Why is breastfeeding so hard sometimes?
Sometimes breastfeeding post birth is complicated further if the mother is shocked or distressed from her birth. Sadly we all know that births are unpredictable. Additionally breastfeeding can be made difficult if the newborn is drowsy from drugs used during labour – planned or unplanned. Babies showing signs of being affected by these drugs are often described by as ‘sleepy’, ‘lazy’ or ‘poor’ feeders (Thompson et al, 2010), and demonstrate reduced spontaneous nipple-seeking and breastfeeding behaviours in the first hours after birth (Forster & McLachlan, 2007).
At times mothers and babies need to be separated post birth and formula supplementation may be given – these factors can also complicate breastfeeding techniques. (Vallone, 2004; Thompson et al, 2010).
With this said it makes sense that sometimes external factors make learning and mastering breastfeeding extremely hard. With this post I’d like to explore how sometimes breastfeeding challenges can result from craniocervical subluxations (meaning the skull and upper neck do not move freely) or mechanical dysfunction of the jaw or cervical spine which may create ineffective rooting or sucking reflexes or tight musculature. (Vallone, 2004) Put simply this means that a lack of good motion of the skull, neck or jaw may create poor nerve communication impacting an infant’s capacity to breastfeed.

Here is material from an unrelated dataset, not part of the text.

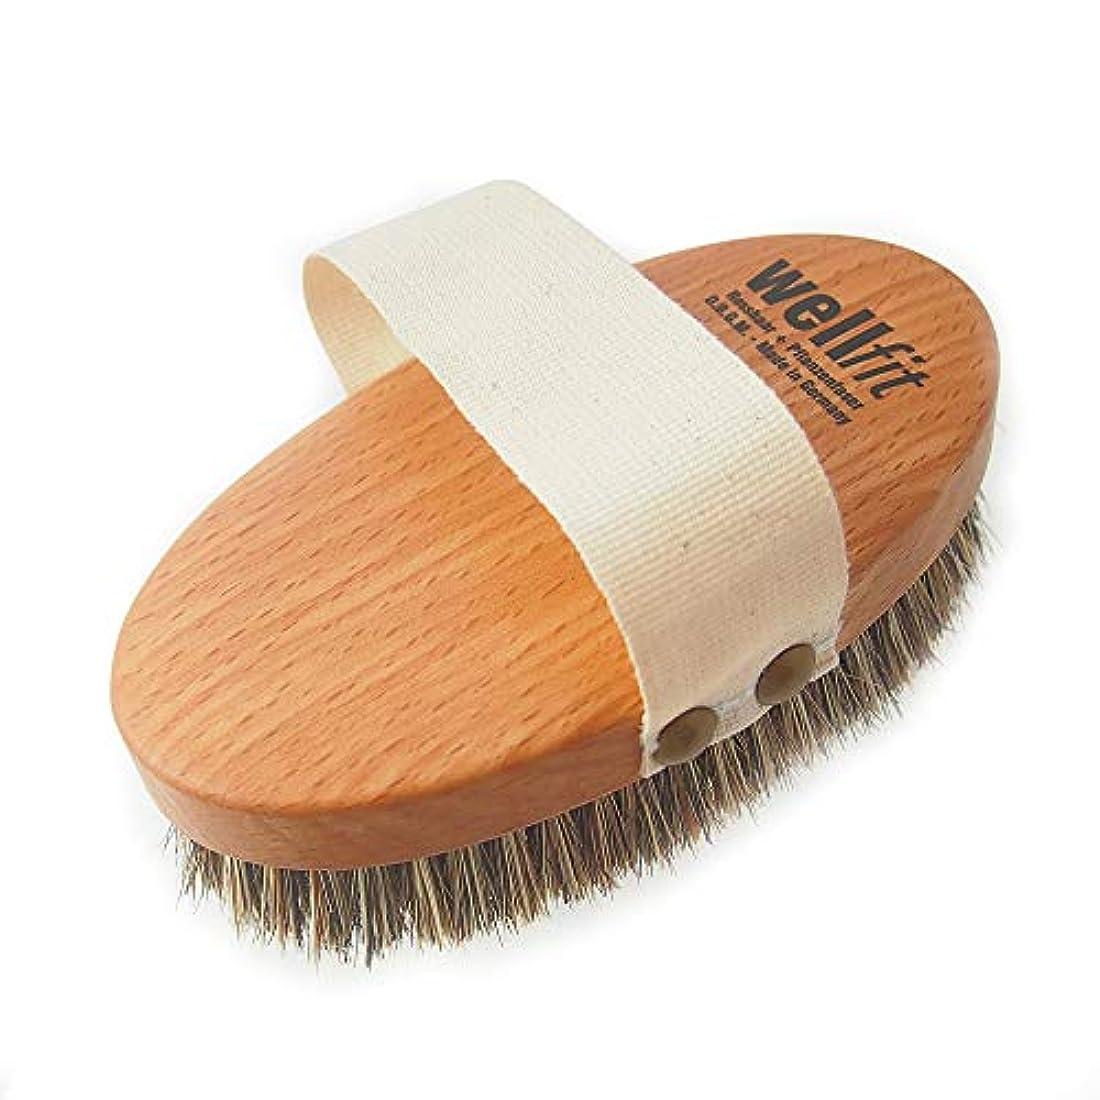 色論争的フレッシュレデッカー Redecker マッサージブラシ(ミディアムハード 馬毛と植物毛の混毛植毛) 正規品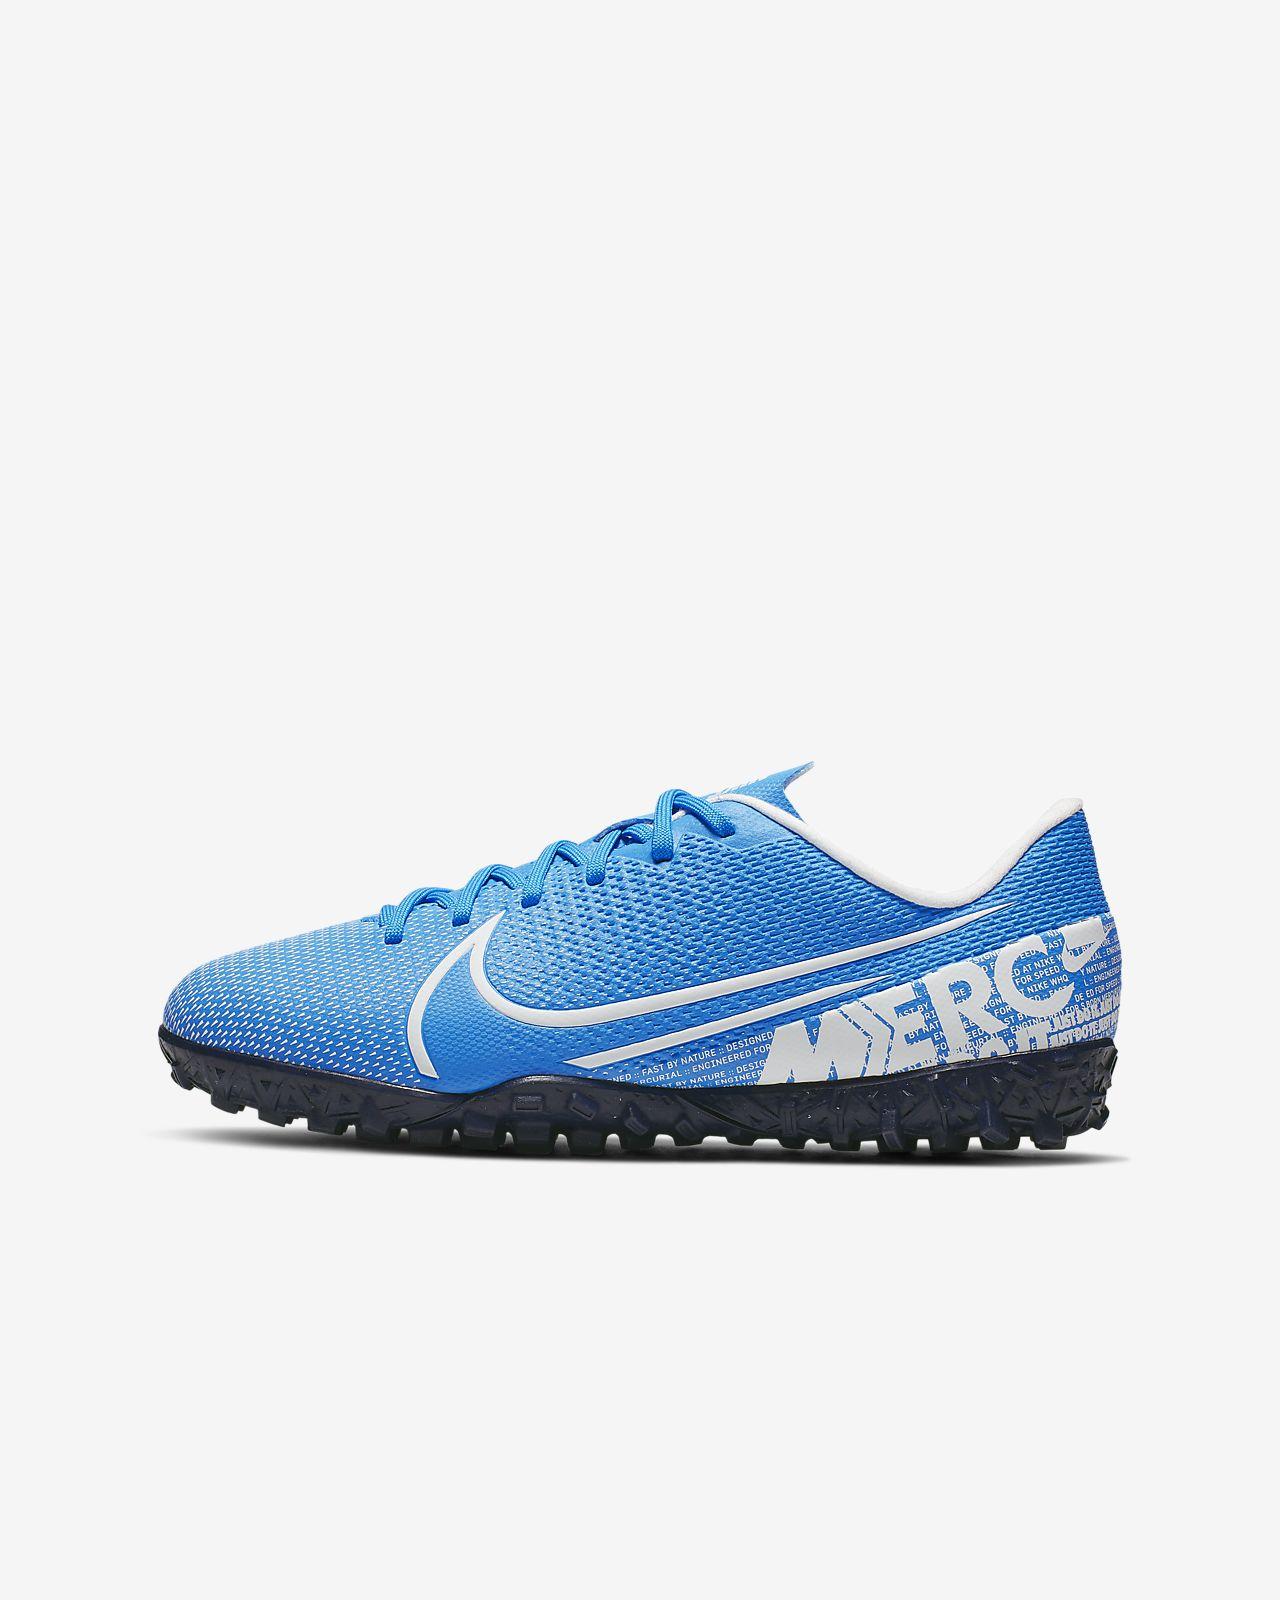 Chaussure de football pour surface synthétique Nike Jr. Mercurial Vapor 13 Academy TF pour Jeune enfant/Enfant plus âgé

One research paper discusses how chiropractic can play an important role in helping to resolve difficulties with breastfeeding. In a study of 114 infants diagnosed with feeding problems, chiropractors found that 89% demonstrated neck joint restrictions, 36% showed jaw imbalance, 34% had inadequate sucking reflexes and close to 14% exhibited overt signs of birth trauma (Miller et al, 2009). All had previously been seen by other practitioners including midwifes, lactation consultants, and paediatricians. After receiving chiropractic care in addition to the support given elsewhere, all children showed improvement with 78% being able to exclusively breastfeed after 2 to 5 treatments within a 2-week time period.
A second study of 25 infants with breastfeeding difficulties found that all babies were unable to open their mouths wide enough to encompass the breast tissue or close their mouths to create adequate suction (Vallone, 2004). They were also unable to use their tongues effectively compared to controls. The majority of the babies were found to have an imbalance in the muscles around the neck and jaw along with improper movement of corresponding joints. Chiropractic adjustments and soft tissue therapy resulted in improved nursing for over 80% of the babies.
Again let me emphasis chiropractic care may not solve all breastfeeding issues for all mother-baby duos.
Why pursue Breastfeeding?
If you are keen to breastfeed then I suggest seeking the advice of recommended lactation consults and girlfriends who have successfully breastfed. If problems persist then consider finding a recommended chiropractor or osteopath skilled with children.
There are many reported health benefits to breastfeeding including
Breastfeeding can reduce the risk of childhood illness, lower ear infection rates by 50%, asthma by 40%, and reduce the risk of sudden infant death syndrome by 50% (Miller et al, 2009)Breastfeeding also has long-term positive effects such as reducing the risk of being overweight, obese or developing type 2 diabetes later in life (Miller et al, 2009).
I outline other benefits in Chapter 16 of Well Adjusted Babies 2nd Edition.
How a baby enters the world may impact their capacity to breastfeed?
If you are pregnant and debating the smorgasbord of birth options that are available to you, one thing I urge all mothers to do – is to consider the short and long impact of any decision that they make. All births involve an element of risk even straight forward vaginal deliveries and it is vitally important that one prepares physically, mentally and emotionally for the myriad of outcomes that can eventuate with birth. I believe all mothers have individual birthing needs, what is right for one mother may not be for another but good preparation allows us to honour our individual needs.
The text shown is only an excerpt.